What do definitive agreements for a Series A financing look like?

Takeaway: The "definitive agreements" are the full, legally binding contracts that put your term sheet into action; they are a standardized set of documents that formally define the rights, rules, and relationships between the company and its new investors.

After you sign a non-binding term sheet for your Series A financing, the real legal work begins. The high-level terms from the term sheet must now be translated into a set of comprehensive, legally binding contracts known as the "definitive agreements." While the term sheet was a 5-10 page blueprint, the definitive agreements will be a stack of documents running over a hundred pages.

This is the phase where the lawyers for both the company and the investors take over, drafting and negotiating the detailed language that will govern your company for years to come. While the process can be complex, the set of documents themselves is highly standardized across the venture capital industry.

The core definitive agreements for a Series A financing include:

  1. The Amended and Restated Certificate of Incorporation: This is the foundational document that is filed with the State of Delaware. It officially creates the new class of Series A Preferred Stock and formally writes all of the special rights and privileges of that stock—such as the liquidation preference and anti-dilution rights—into the company's charter.

  2. The Stock Purchase Agreement (SPA): This is the primary contract for the sale of the stock.

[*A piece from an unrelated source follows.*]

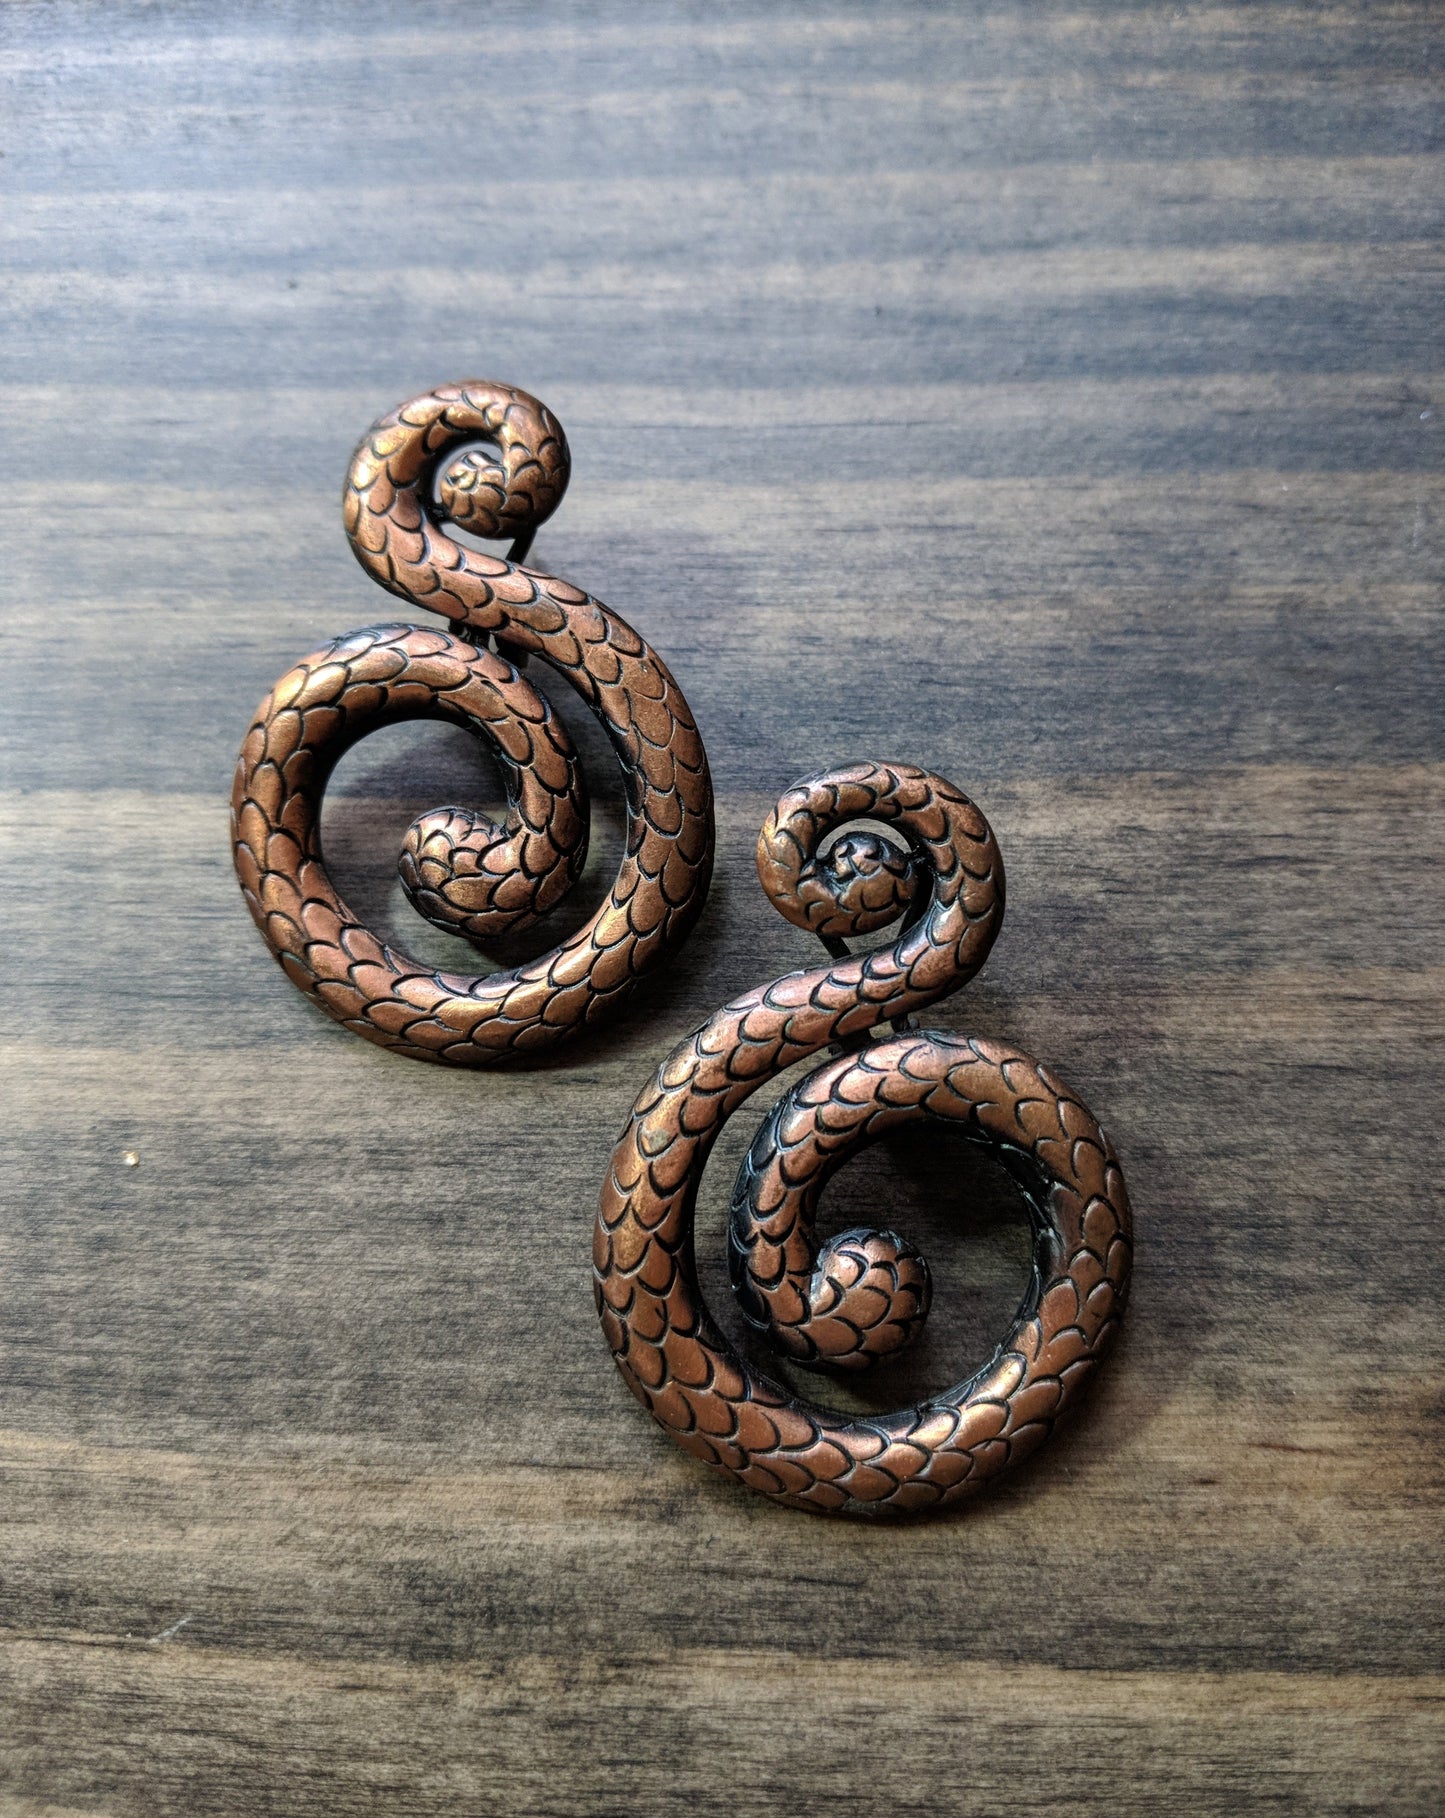 Bronze Colored Snake 'S' Earrings

It details who is buying how many shares and at what price. The SPA also contains the extensive representations and warranties that the company makes to the investors about its business and legal health.

  3. The Investors' Rights Agreement (IRA): This agreement grants the investors a set of key rights related to information and future liquidity. This typically includes:

    • Information Rights: The right to receive regular financial statements and other information about the company.

    • Registration Rights: The right to have their shares registered with the SEC in a future IPO, allowing them to sell their stock on the public market.

    • A "Market Standoff" Provision: A promise from all stockholders not to sell their shares for a set period (typically 180 days) after an IPO.

    • A Right of First Offer (or "Pro Rata" right): The right for major investors to maintain their ownership percentage by participating in future financing rounds.

  4. The Voting Agreement: This agreement sets the size and composition of the post-financing Board of Directors and contractually obligates all major stockholders to vote their shares to elect the designated board members.

  5. The Right of First Refusal and Co-Sale Agreement (ROFR/Co-Sale): This agreement governs the transfer of stock by the founders and other common stockholders. It provides the company and the investors with a right of first refusal to purchase the shares, and a "co-sale" or "tag-along" right that allows investors to participate in a founder's sale of stock.

While the business deal is set in the term sheet, the hard work of a financing is in drafting and negotiating these detailed definitive agreements to ensure the rights and obligations of all parties are clearly and legally defined.

Disclaimer: This post is for general informational purposes only and does not constitute legal, tax, or financial advice. Reading or relying on this content does not create an attorney–client relationship. Every startup’s situation is unique, and you should consult qualified legal or tax professionals before making decisions that may affect your business.